Should An Ideal Leadoff Hitter Be Fast?

In the past few seasons we have seen more and more leadoff hitters that are slow and walk a lot, like Kyle Schwarber. But is this change for the better, or does it make teams worse?

To answer this question, we first have to define what an “ideal leadoff hitter” is. To me, an ideal leadoff hitter is a guy who can get on base and score a run. To others it’s just being fast, even though they might not be the best hitter.

If somebody thought that an ideal leadoff hitter to them was someone who is fast, then go ahead an leadoff Billy Hamilton. Why not put Byron Buxton or Mallex Smith at leadoff? They’re very fast.

With speed usually comes a lack of on base skills. For example, Adalberto Mondesi is one of the fastest player in the league, yet his OBP was .291. Sure he’s fast, but he has an inability to get on base.

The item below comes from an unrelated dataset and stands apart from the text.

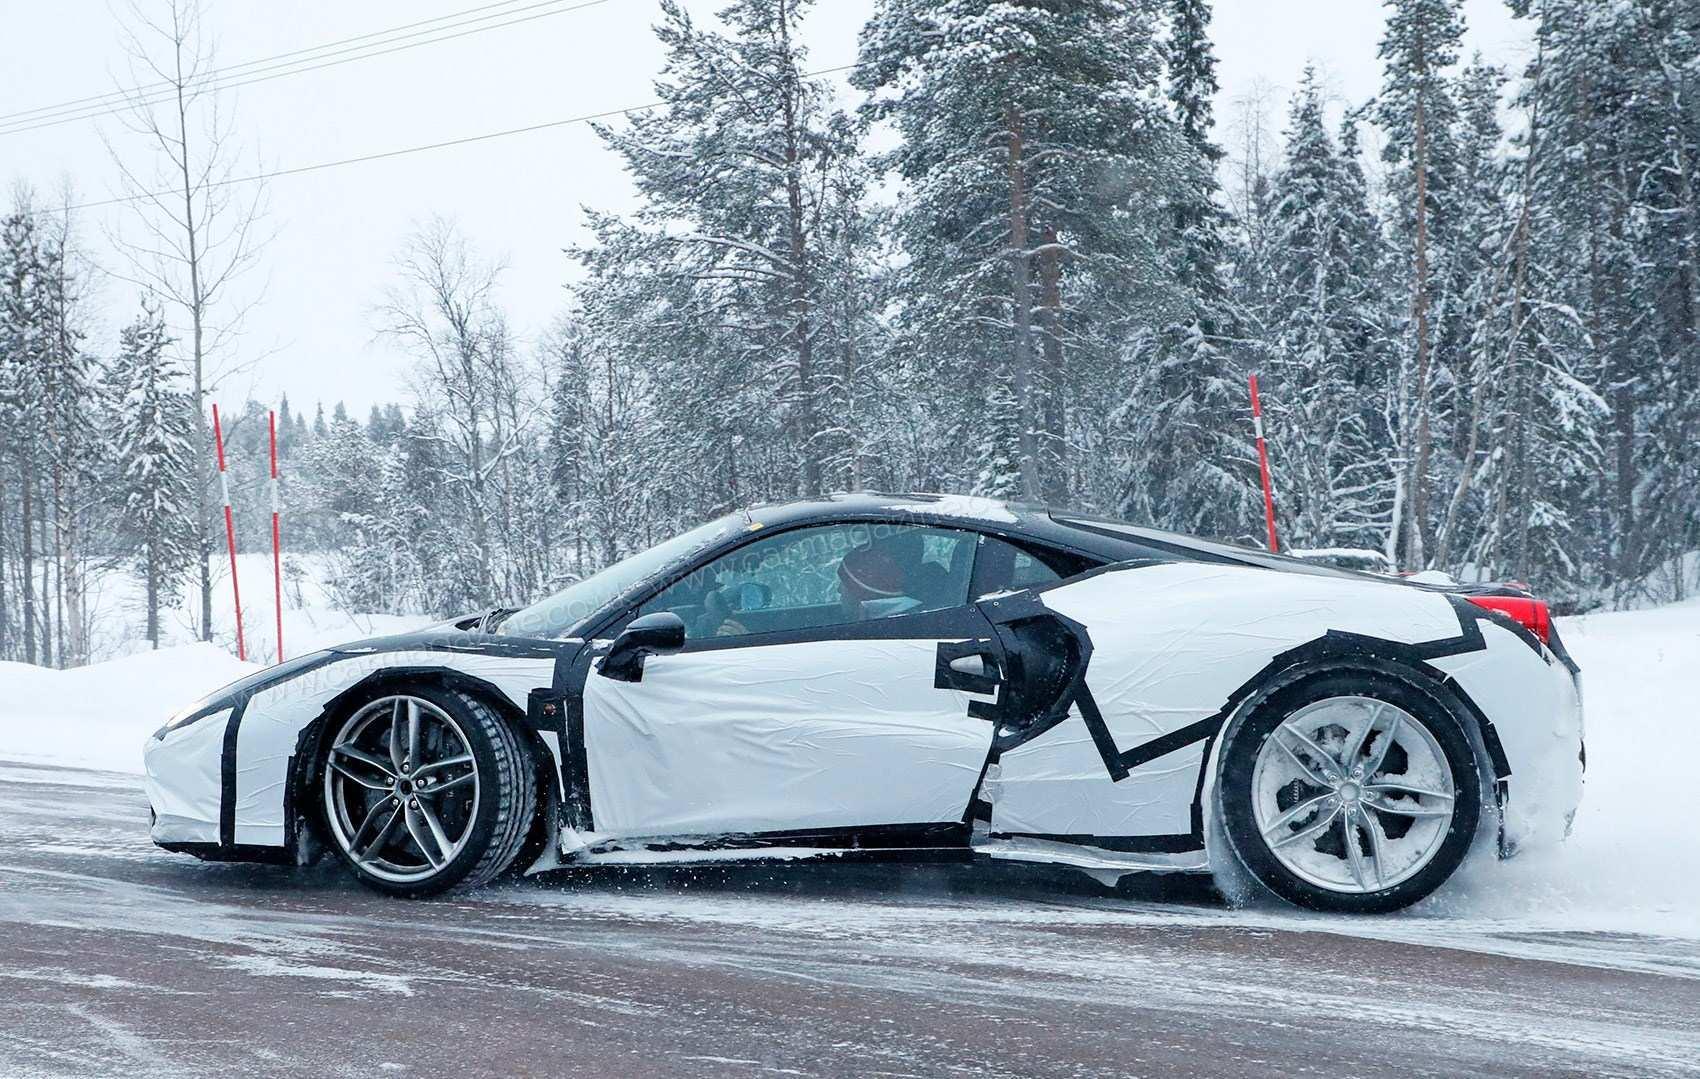 85 All New Ferrari V6 2019 History with Ferrari V6 2019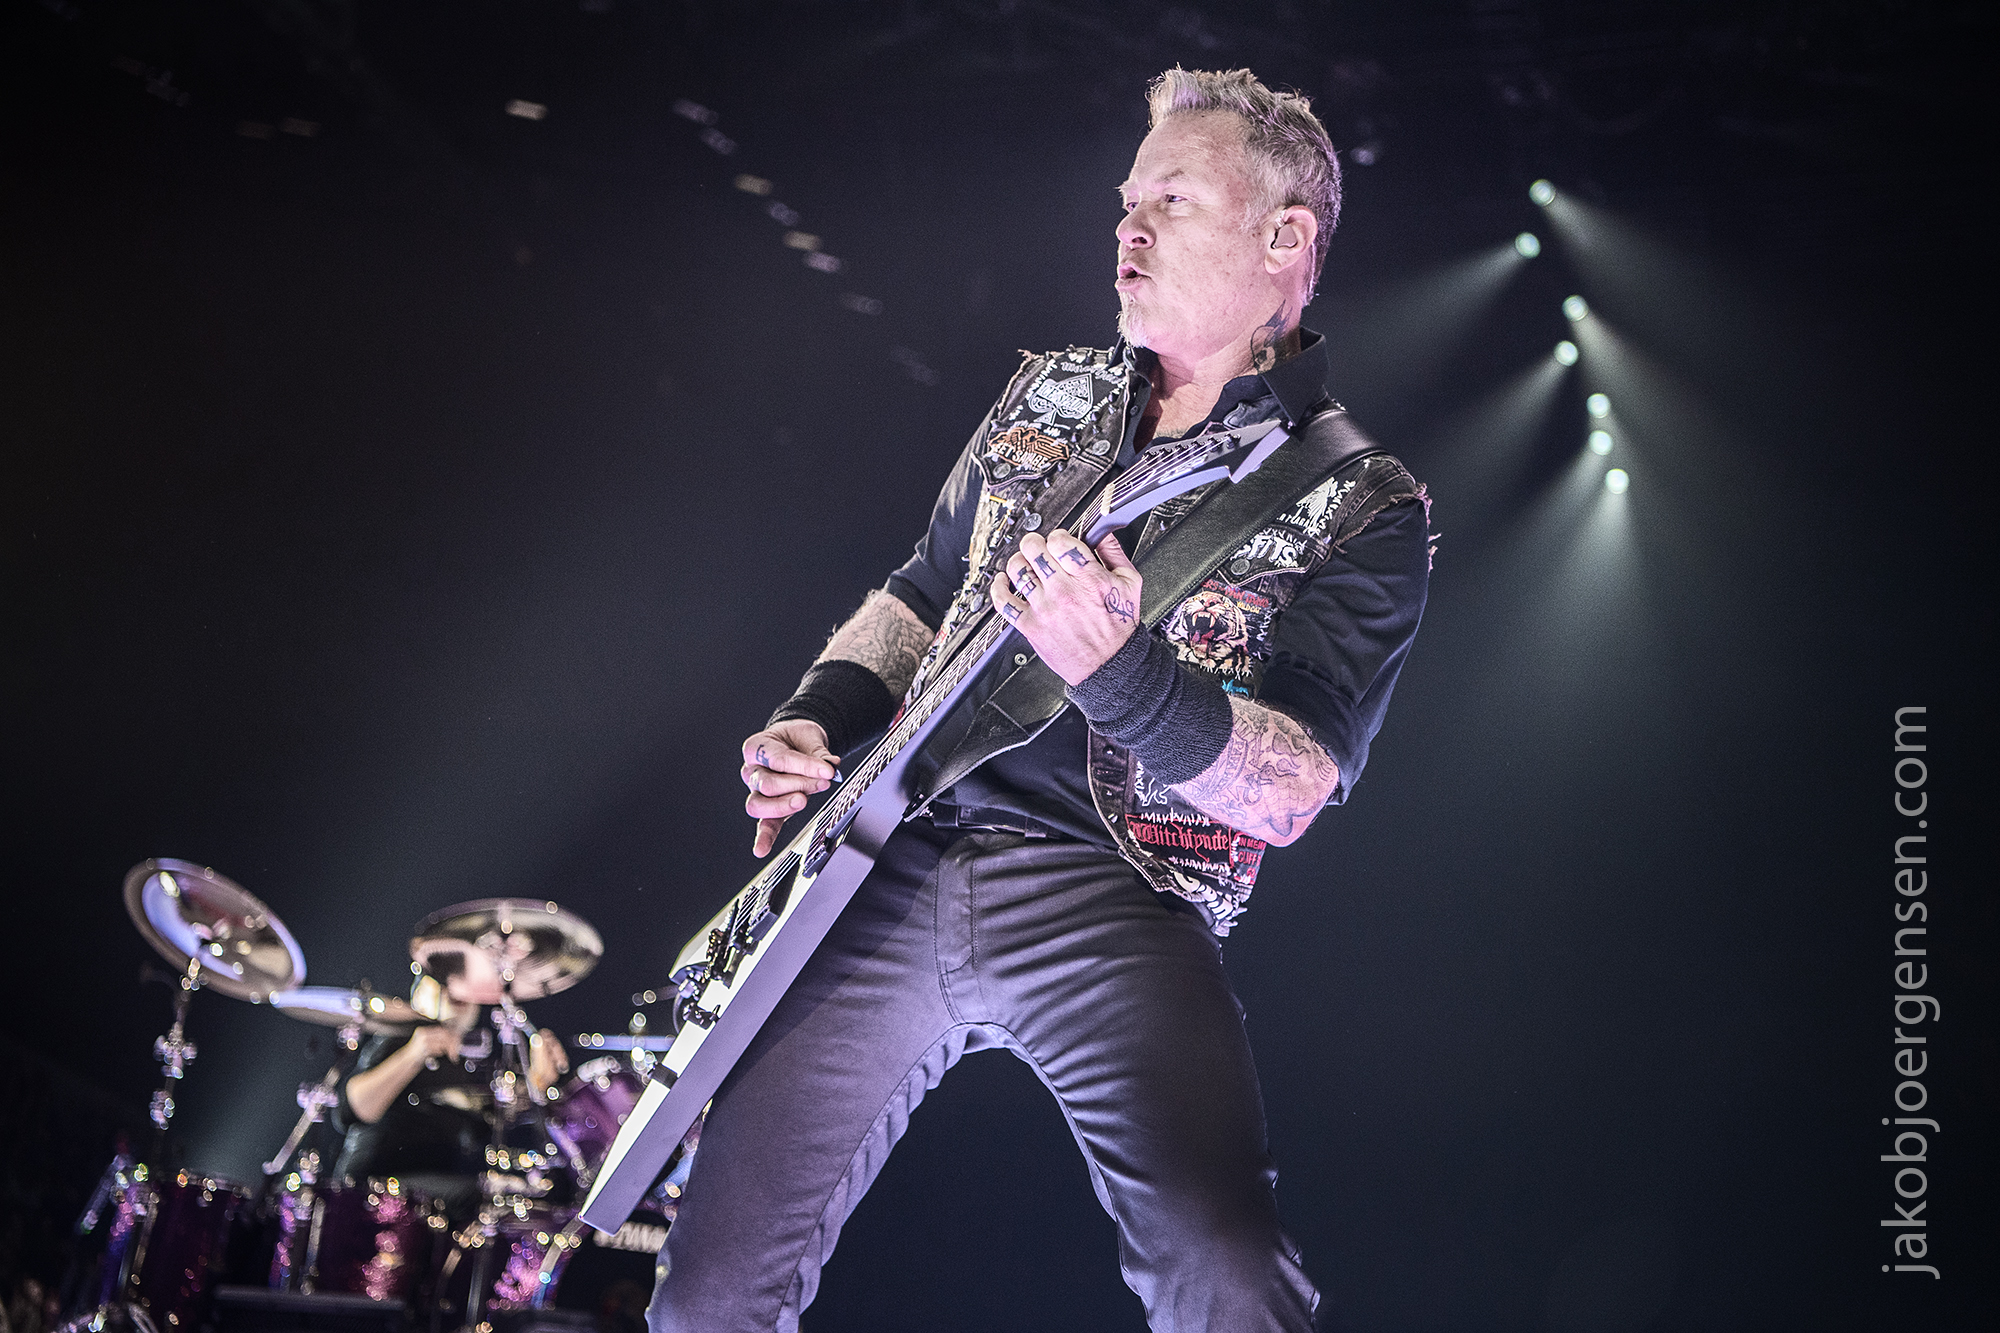 09-02-17_EB Metallica_0171.jpg

On the other hand, there’s a player like Kyle Schwarber that while not fast, can get on base very well. And generally, these players with higher walk totals also hit a lot of home runs. Schwarber had a .339 OBP in 2019, while also having 38 HR. Yes, he’s not fast be he gets on base. Schwarber’s most common spot in the order was leadoff. At first I didn’t understand, but as I gradually grew to appreciate OBP more and more, I realized that Kyle Schwarber should be leading off.

But then there’s the problem of not being fast. Being fast helps on the base paths if they get on, but they usually don’t. Like I said before, there’s a sacrifice. If a team does decided to bat a fast hitter first, then they will be able to advance from 1st base to 3rd base on a single whereas a slow leadoff man might not.

For me, the ideal leadoff hitter is someone who gets on base and is fast. Some examples are Trea Turner and Whit Merrifield.

But that doesn’t happen very often, so if I had to choose between a speed demon and a guy who gets on base, I’ll take the guy that gets on base every time.